Computers and cell phone donations are being asked for in order to help women in abusive situations now compounded by COVID-19.
“We do know that there are undeniably gendered impacts of the COVID-19 pandemic,” said Aja Mason, director of the Yukon Status of Women Council, which put out a call for electronic devices on March 20.
Some women don’t have access to them, and with many public spaces such as coffee shops and libraries closing up, those in precarious living environments won’t be able to use the internet as readily, she said, adding that work is being done in order to expand internet ranges in the city.
“We do know that gender based violence and things like domestic violence have increased in other places where lockdown measures are more severe,” she said, noting that the Yukon has some of the highest rates of domestic and sexualized violence in the country.
Brendan Hanley, the chief medical officer of the Yukon, said last week that the territory is not in lockdown.
“Access to things like ordering food online or even being able to reach out socially and have connection with other people, you know, being able to contact or access sources of help or assistance if you are experiencing domestic violence — we recognize that there’s a whole swath of people in the Yukon who are basically excluded from that. …” Mason said.
The hope now is to connect women so that when things get even worse — a possible lockdown — women will have recourse, a way out, she continued.
“Anything that could help mitigate some of the impacts of living in isolation,” she said, noting that social distance, or self-isolation, could mean even more contact with an abusive partner.
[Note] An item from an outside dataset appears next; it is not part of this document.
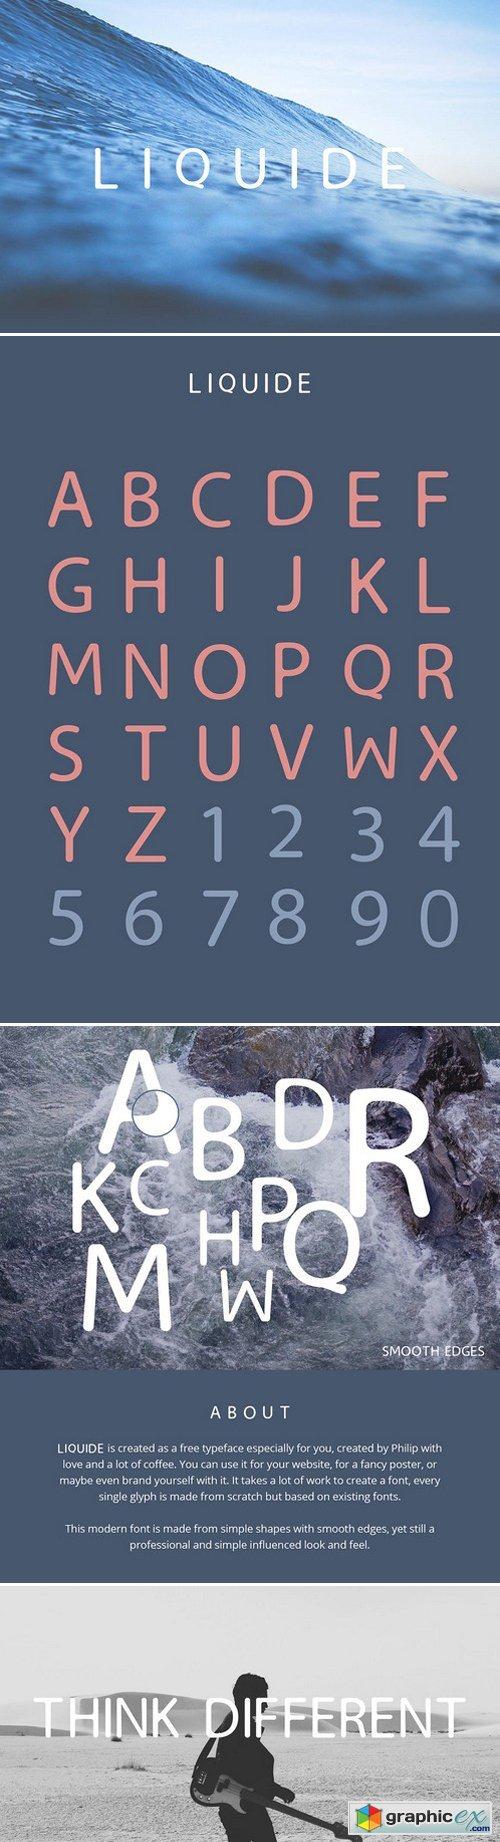 Liquide – Typeface » Free Download Vector Stock Image Photoshop Icon

So far, local schools have offered to donate roughly 50 desktop computers. Some cell phones have trickled in, too. These are ideal, Mason said, because of their compact size.
“For certain, it is a lot easier to distribute smaller technologies, i.e. not desktops, as you can imagine, so we’re certainly still looking for laptops still and tablets,” she said.
Making matters worse is the housing crunch in Whitehorse, along with the pay gap between men and women, Mason added, both of which present other difficulties in fleeing unsafe situations.
Mason said that pre-paid credit cards could be distributed eventually, which could help curb financial impacts.